Task data: Begin
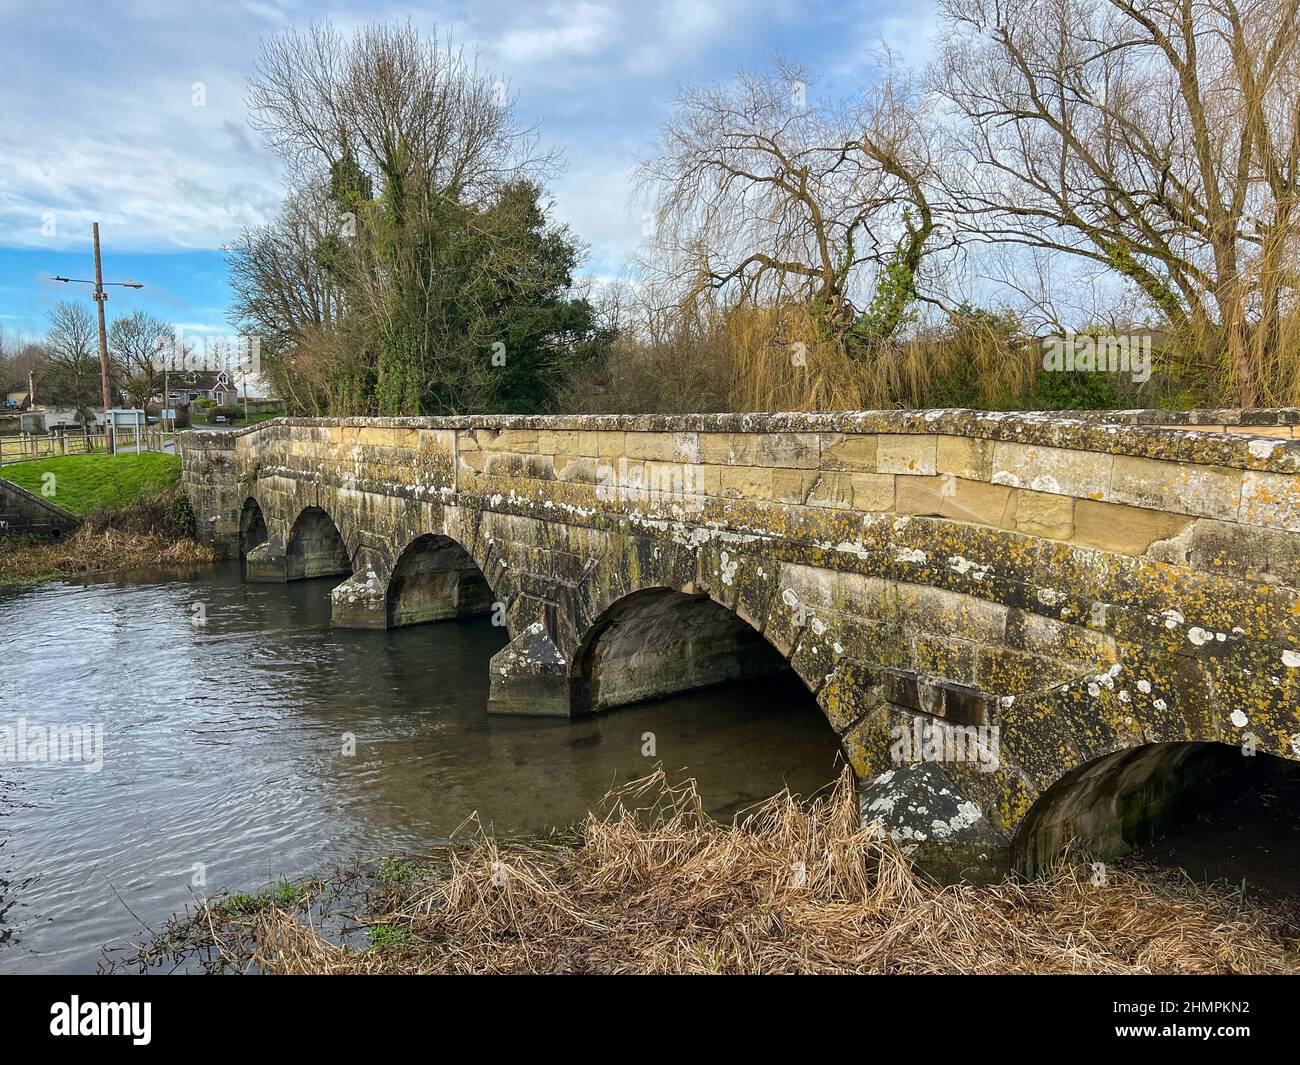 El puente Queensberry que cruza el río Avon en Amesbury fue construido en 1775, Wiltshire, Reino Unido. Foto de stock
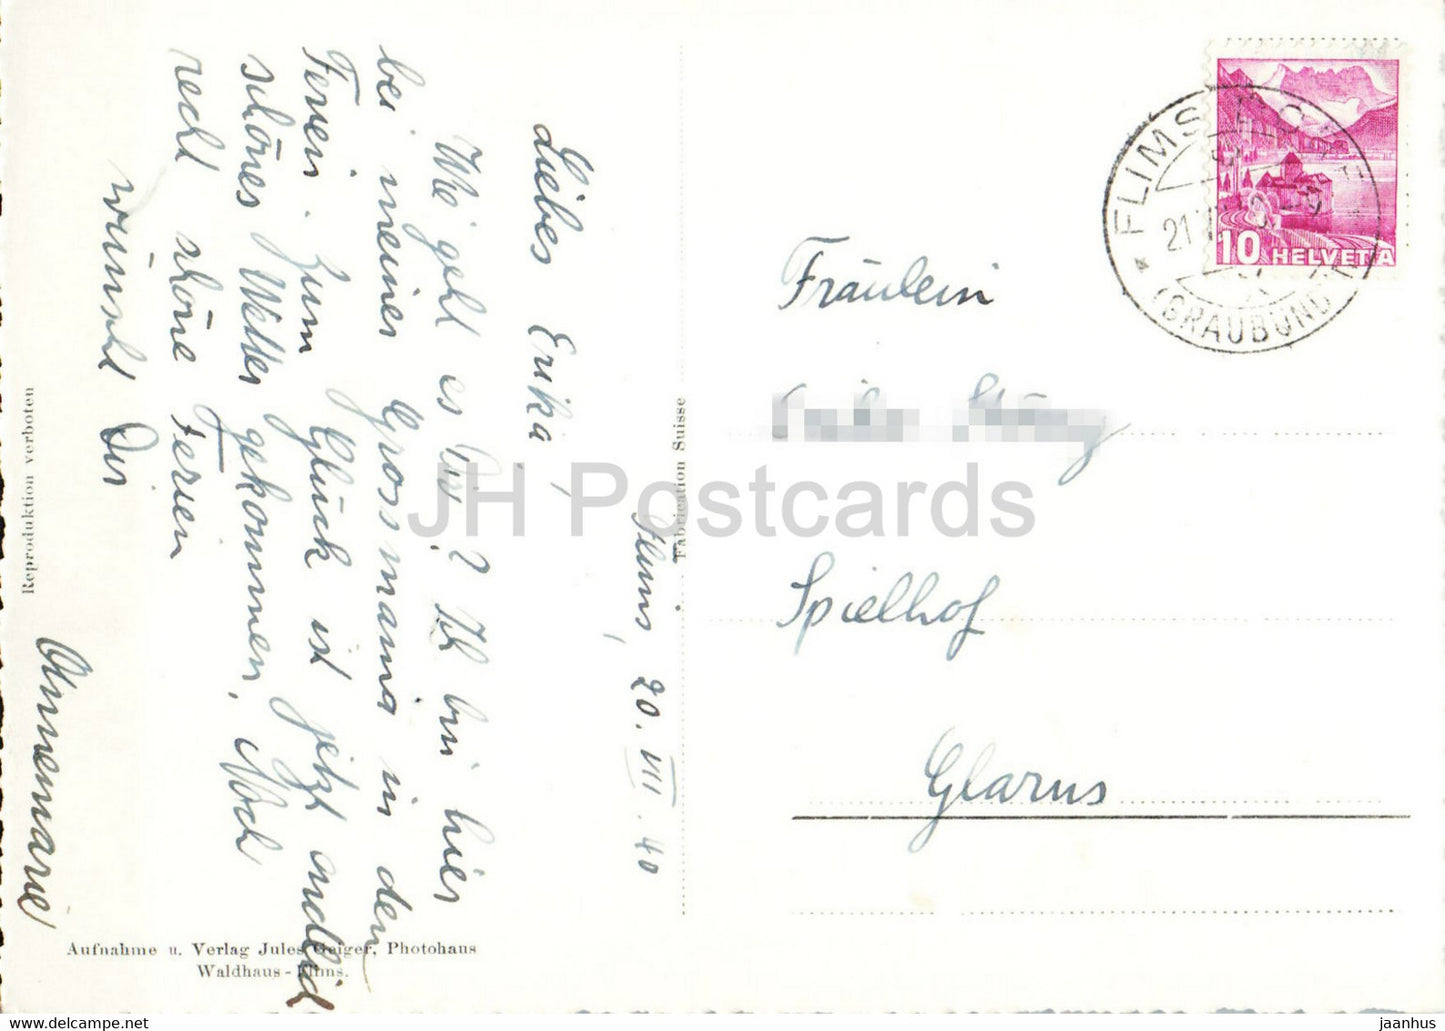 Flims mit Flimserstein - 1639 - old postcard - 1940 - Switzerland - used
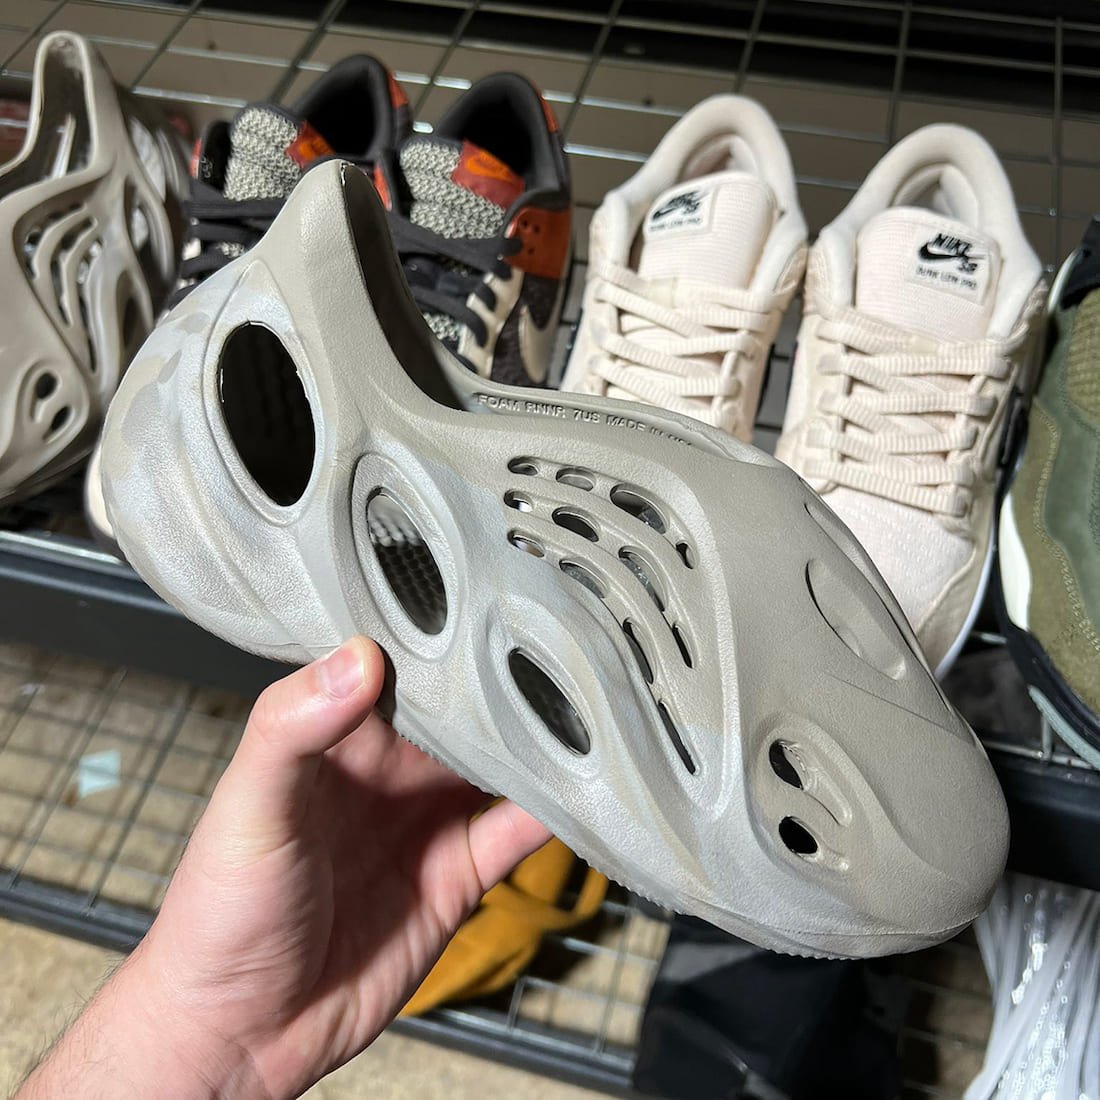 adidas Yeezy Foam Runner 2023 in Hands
Task data: End
Task data: Begin
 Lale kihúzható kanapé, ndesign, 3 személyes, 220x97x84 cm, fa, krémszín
Task data: End
Keep to the lines above from the line with "Flims mit Flimserstein" to the line with "adidas Yeezy Foam Runner 2023 in Hands", and set down exactly those, inclusive, with nothing else and every picture left out.

Written answer ->
 Flims mit Flimserstein - 1639 - old postcard - 1940 - Switzerland - used
 adidas Yeezy Foam Runner 2023 in Hands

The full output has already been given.